Stored items from a collection
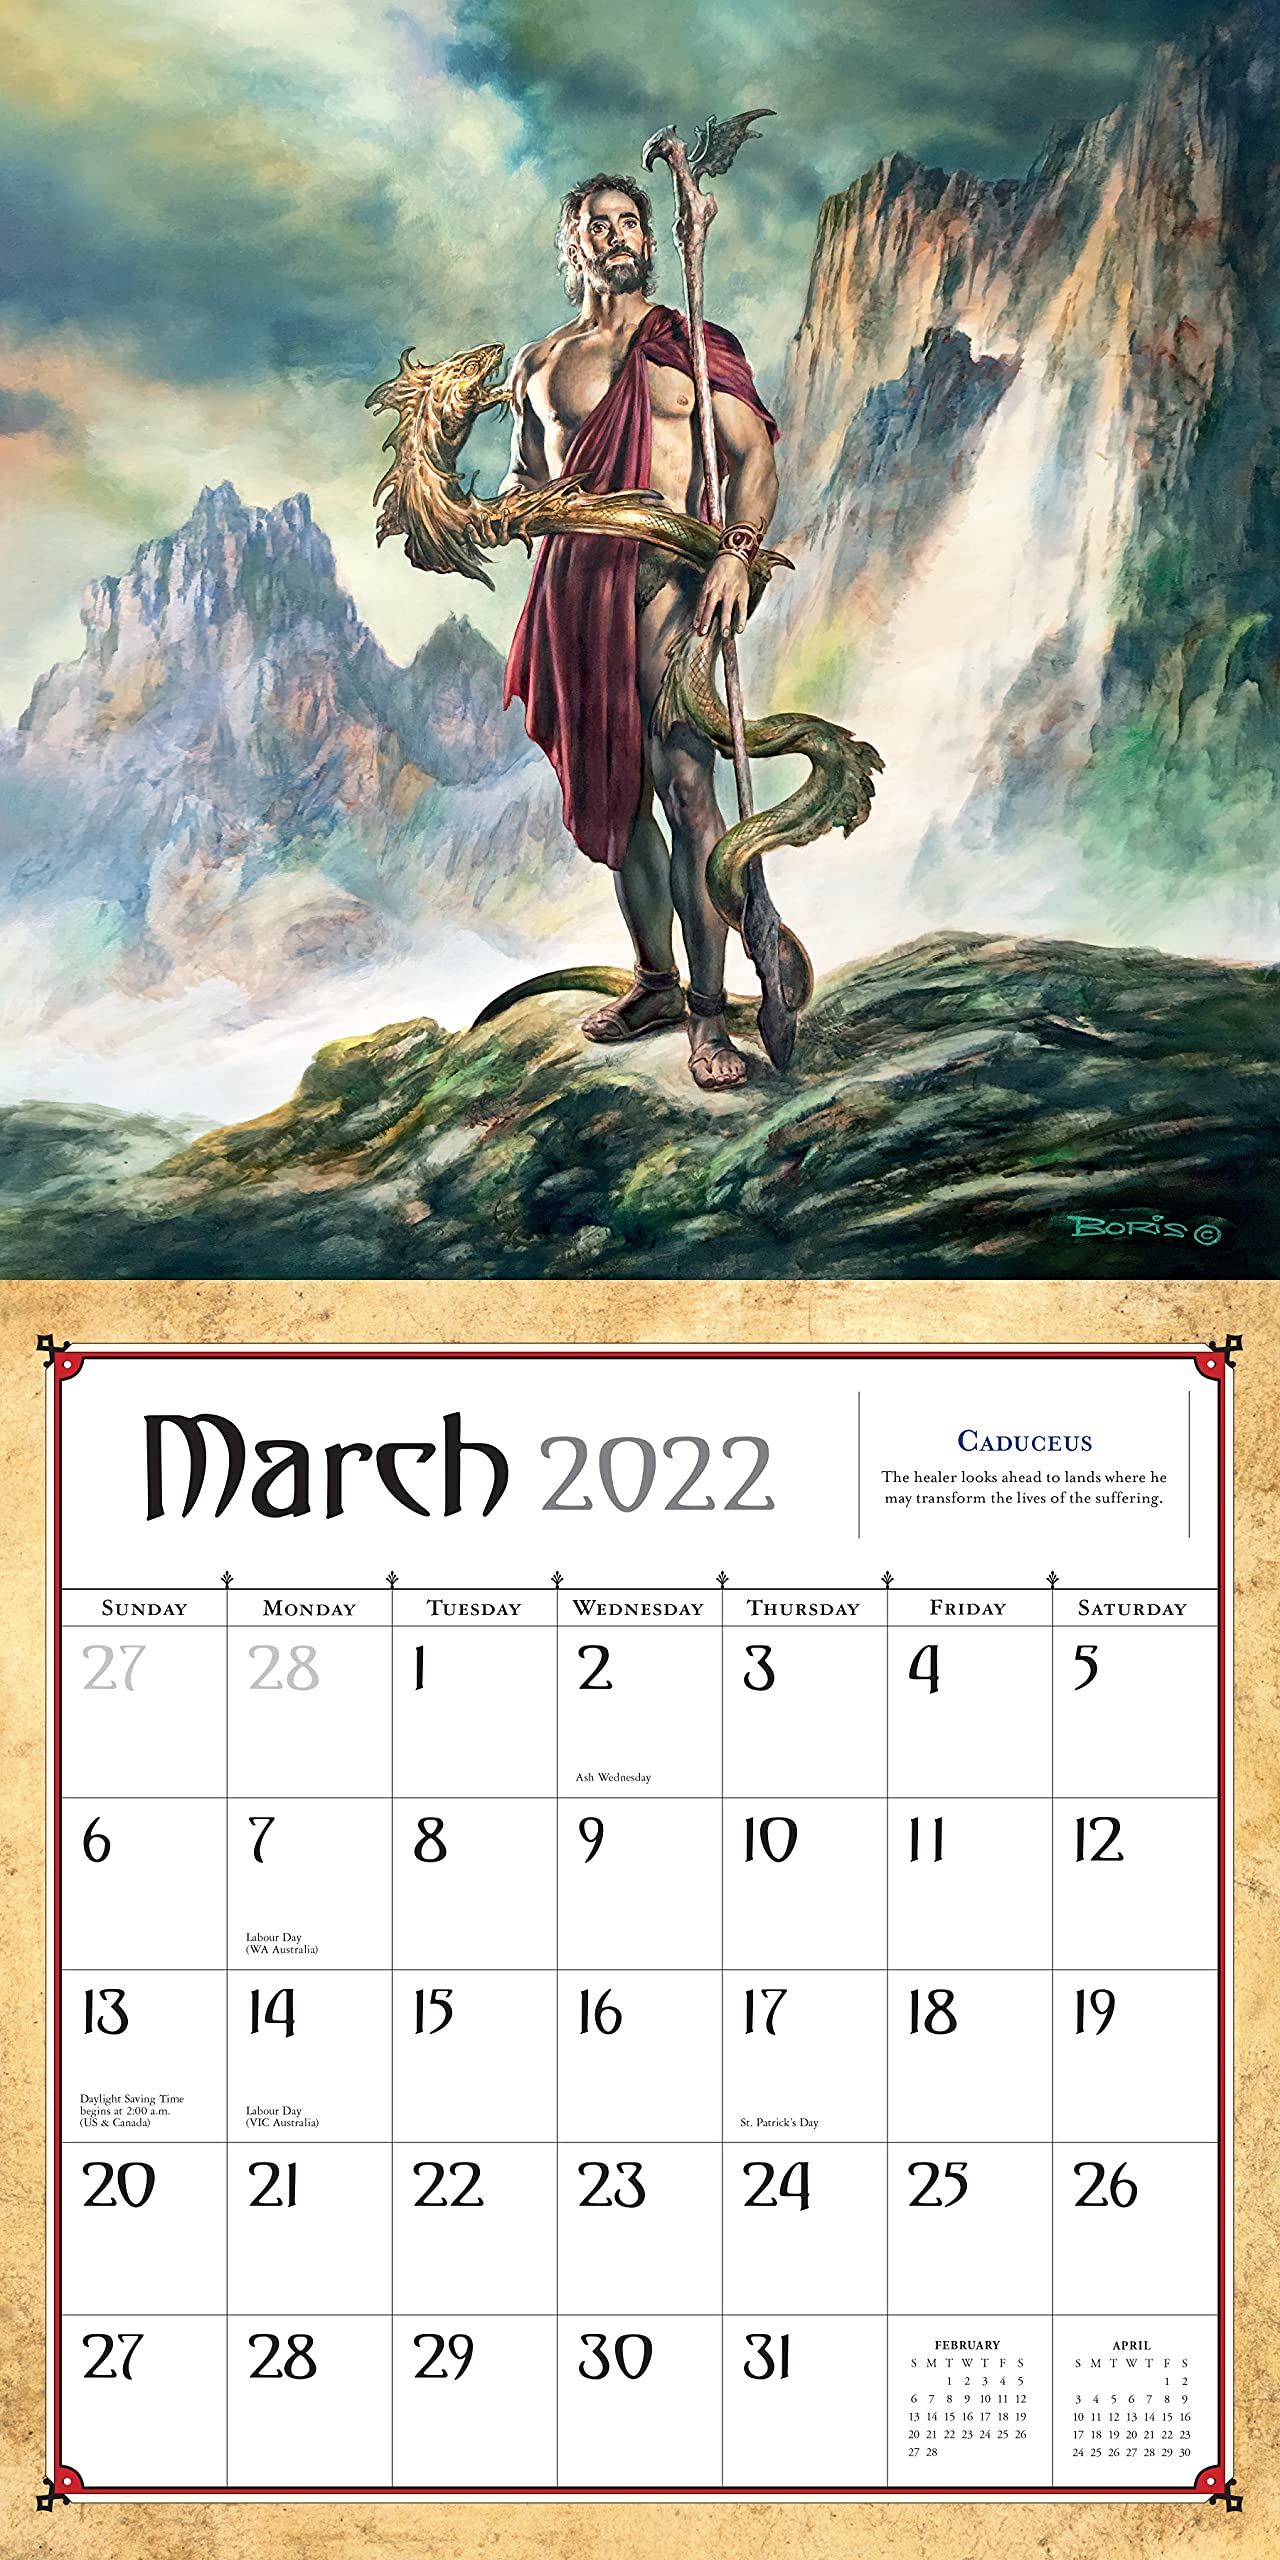 Boris Vallejo & Julie Bell's Fantasy Wall Calendar 2022
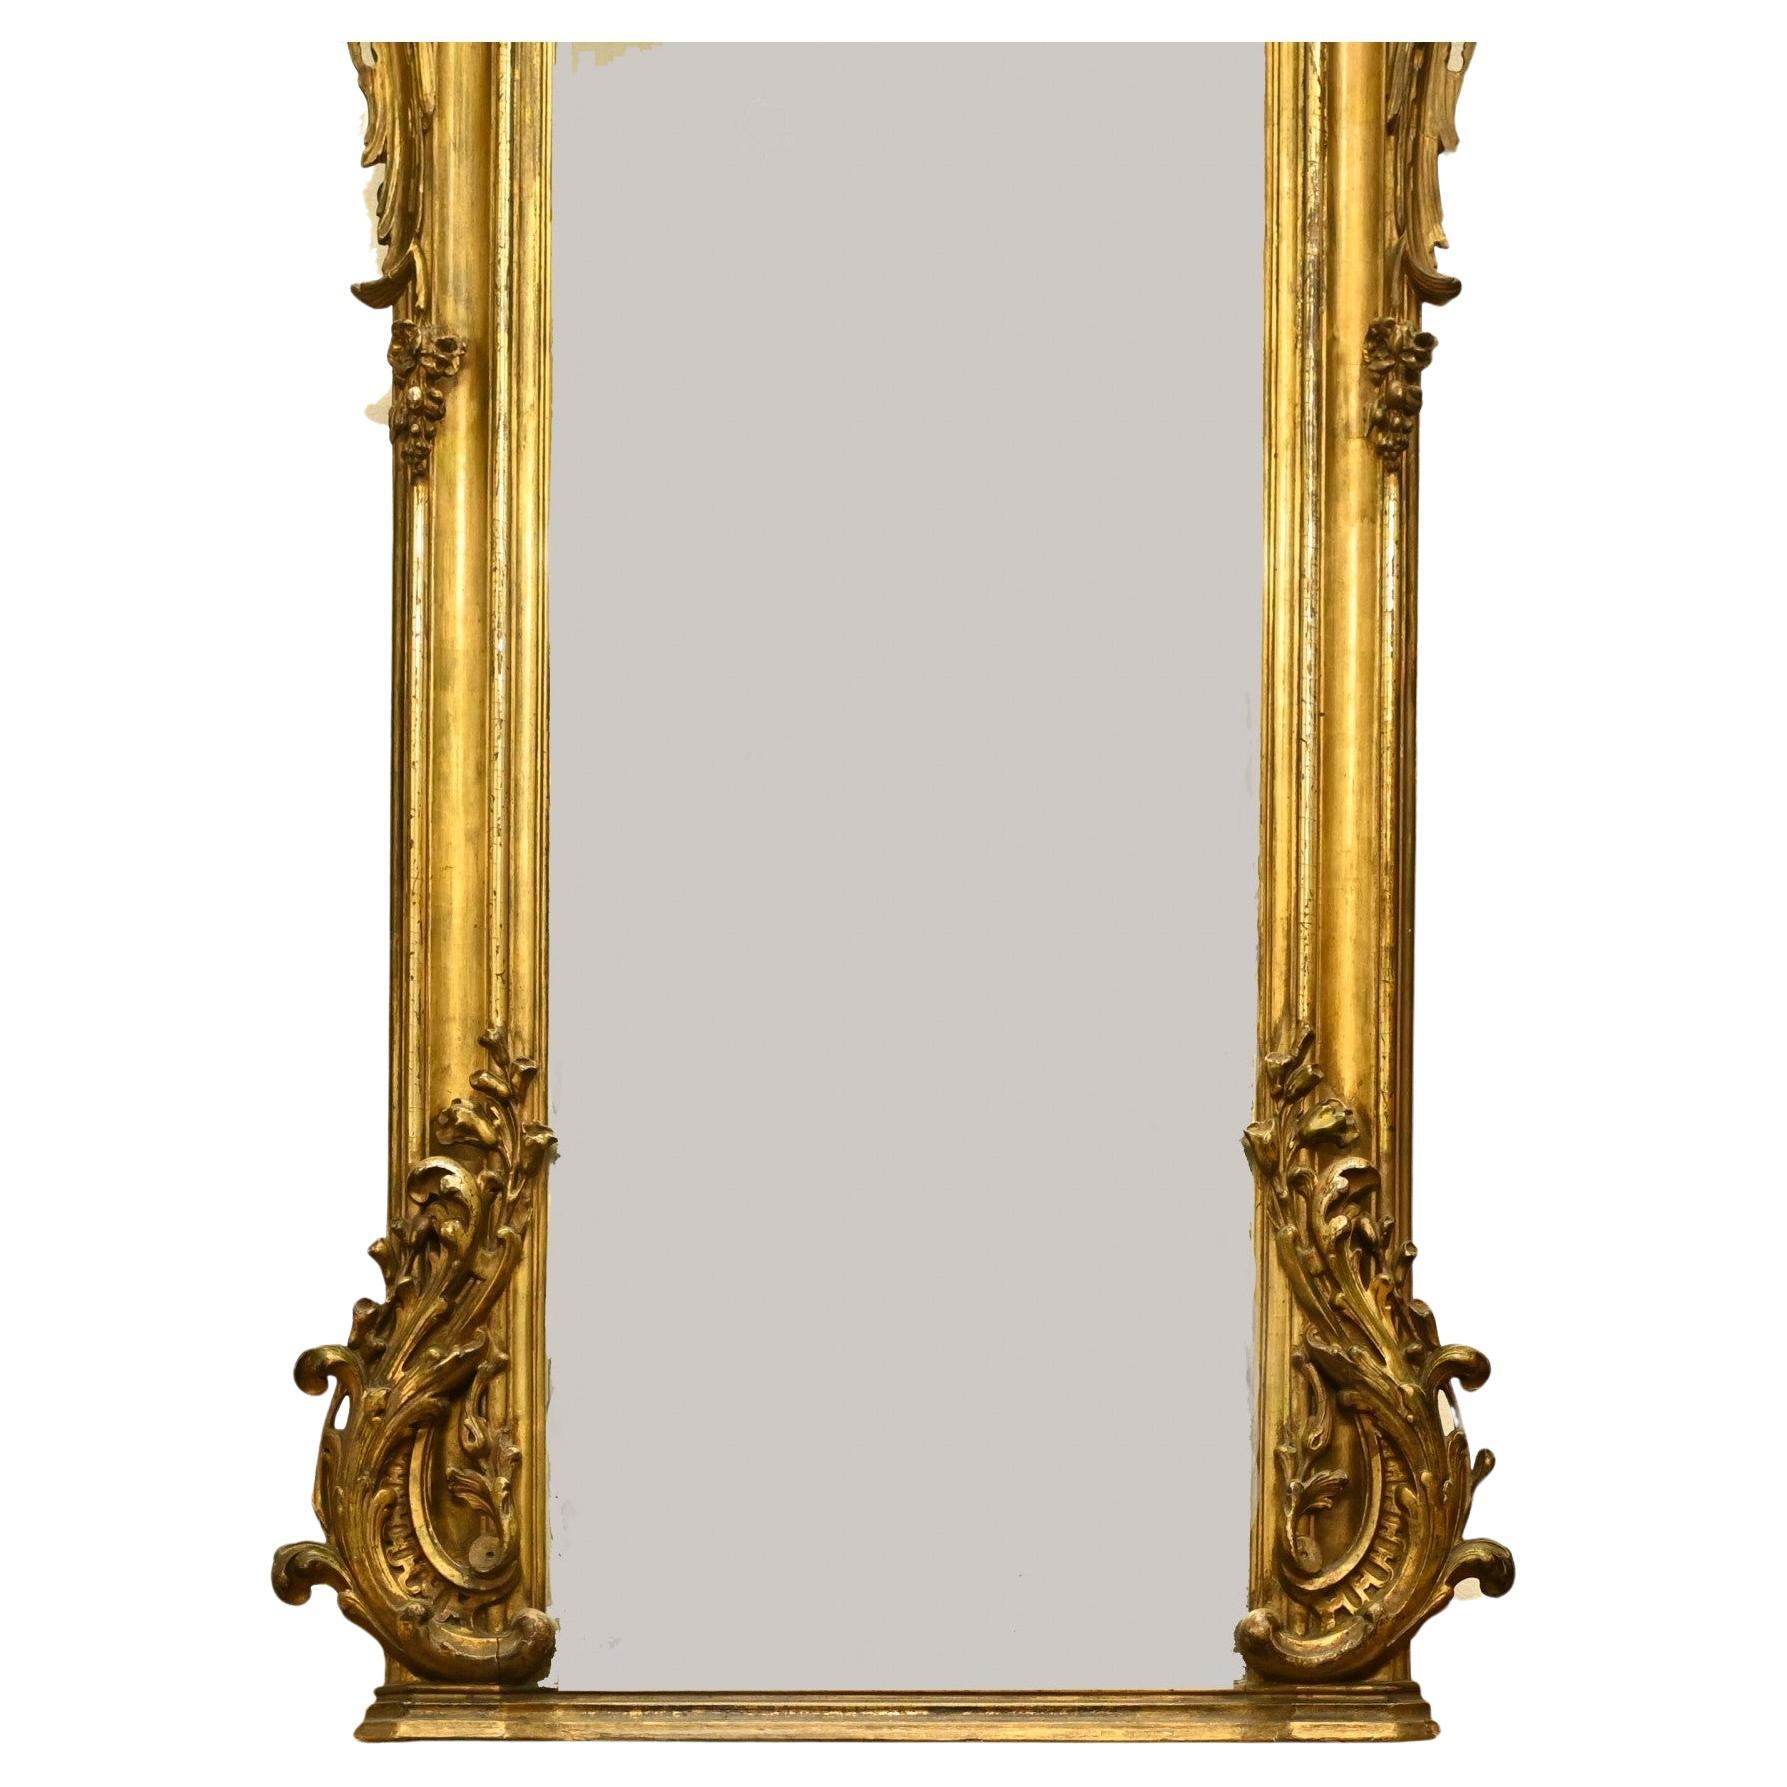 Magnifique miroir ancien français doré
Bonne taille à près d'un mètre quatre-vingt-dix - 172 CM
Cadre très orné avec décoration sur les côtés et le dessus avec cartouche rococo.
Le verre est clair et sans défaut
Acheté chez un marchand à Marche

→ **TASK OBJECTIVE**
Lines from the one containing "Bonne taille à" to the last line above, both included: copy these exactly and write nothing else.

→ **TASK RESULT**
Bonne taille à près d'un mètre quatre-vingt-dix - 172 CM
Cadre très orné avec décoration sur les côtés et le dessus avec cartouche rococo.
Le verre est clair et sans défaut
Acheté chez un marchand à Marche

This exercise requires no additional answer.